**TASK DETAILS:** There are pictures in the records below; leave them out and set down exactly the lines from the one holding "Vintage Flared 513 denim jeans - image 10" through the one holding "El Rotary Club".
***** DATASET EXTRACT
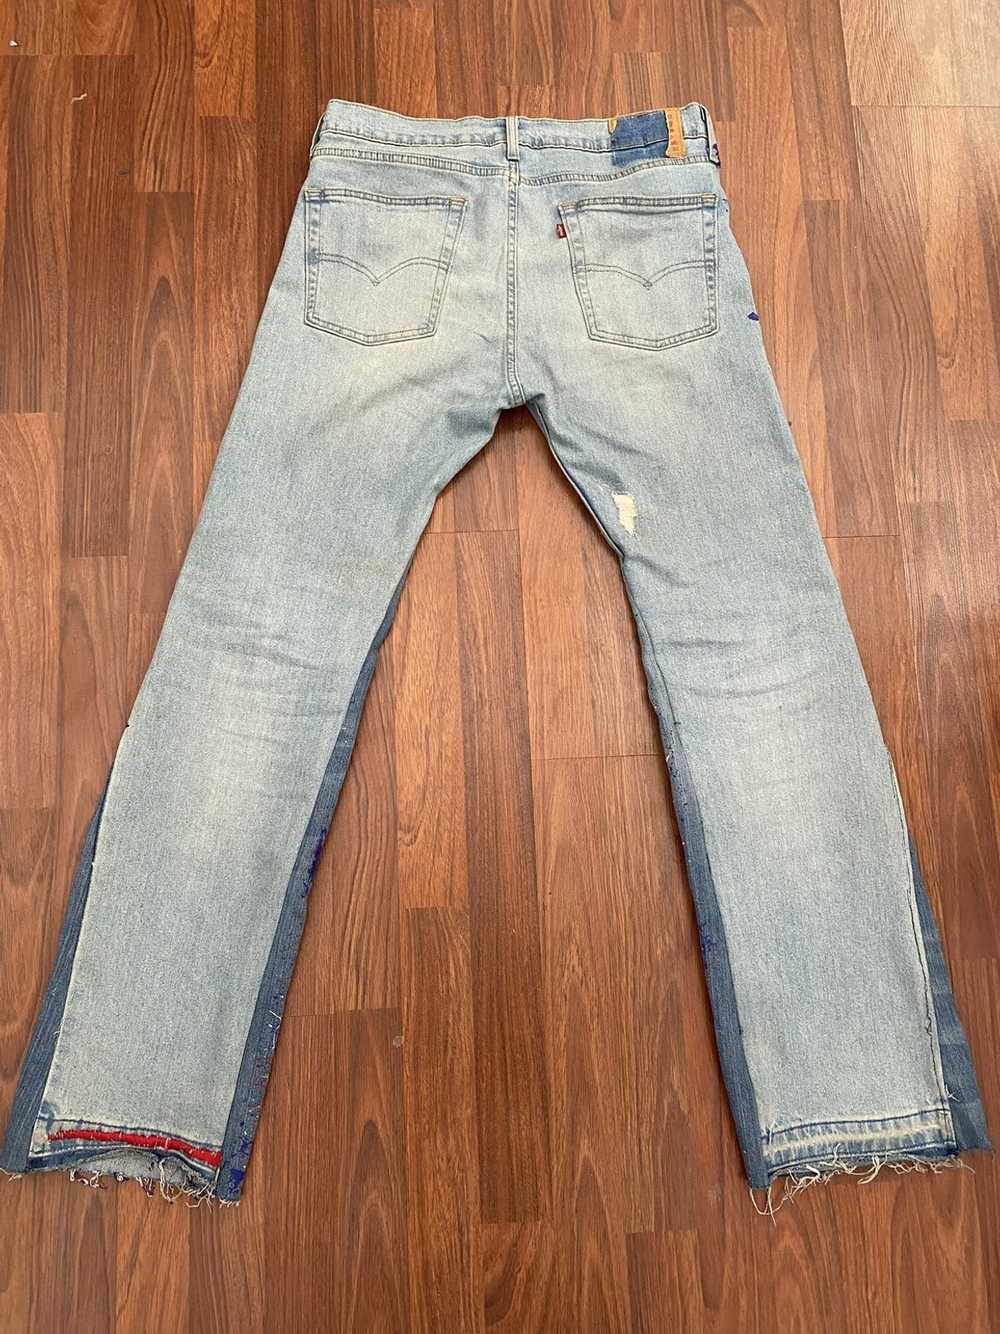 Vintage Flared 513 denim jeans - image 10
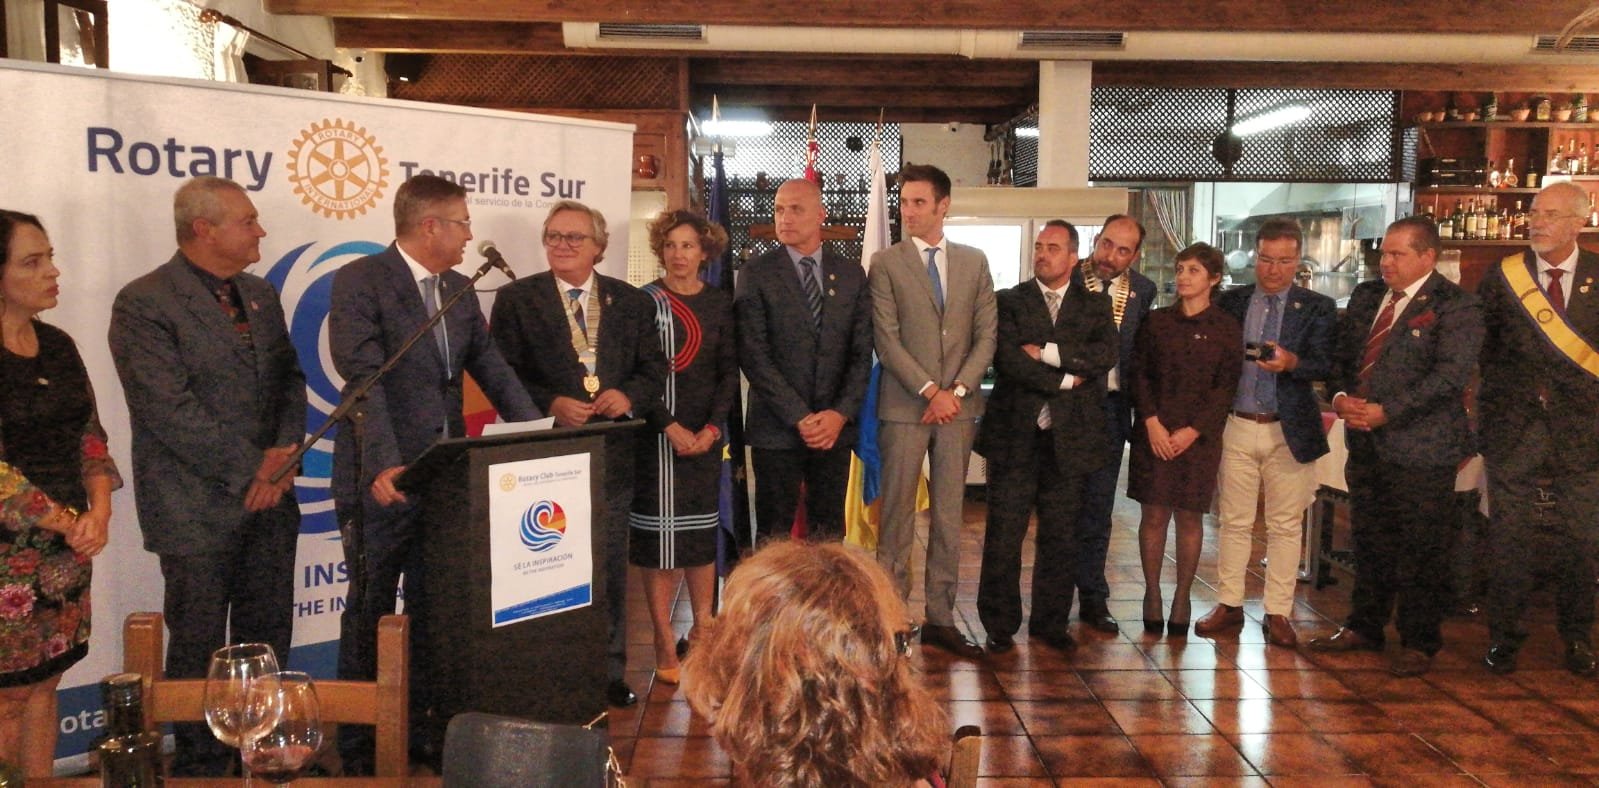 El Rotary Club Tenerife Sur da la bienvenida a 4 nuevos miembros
**********
***** DATASET EXTRACT
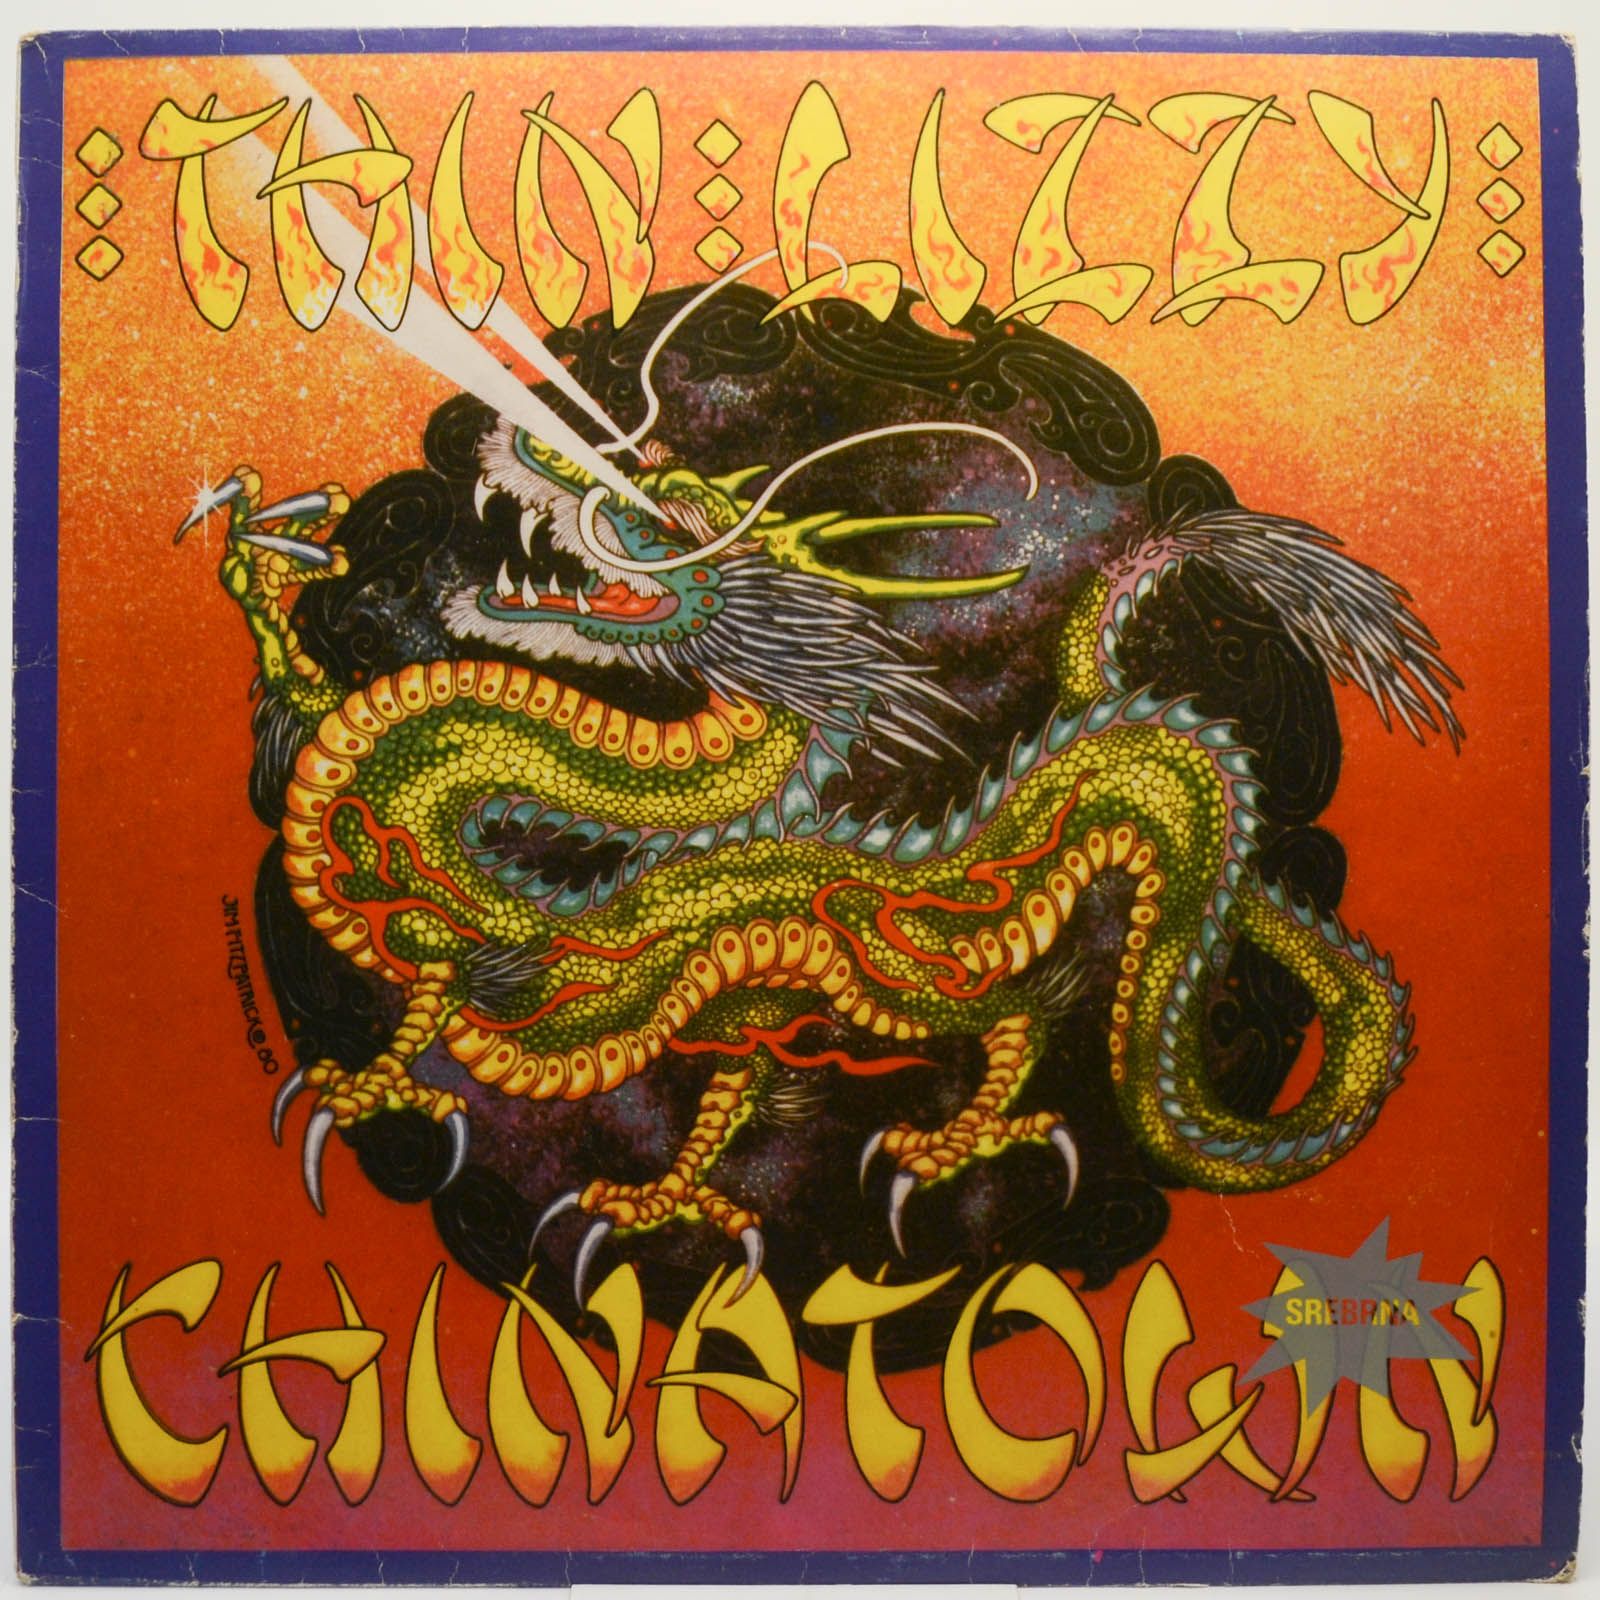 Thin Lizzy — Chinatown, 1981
**********
**RESULT:**
 Vintage Flared 513 denim jeans - image 10
 El Rotary Club Tenerife Sur da la bienvenida a 4 nuevos miembros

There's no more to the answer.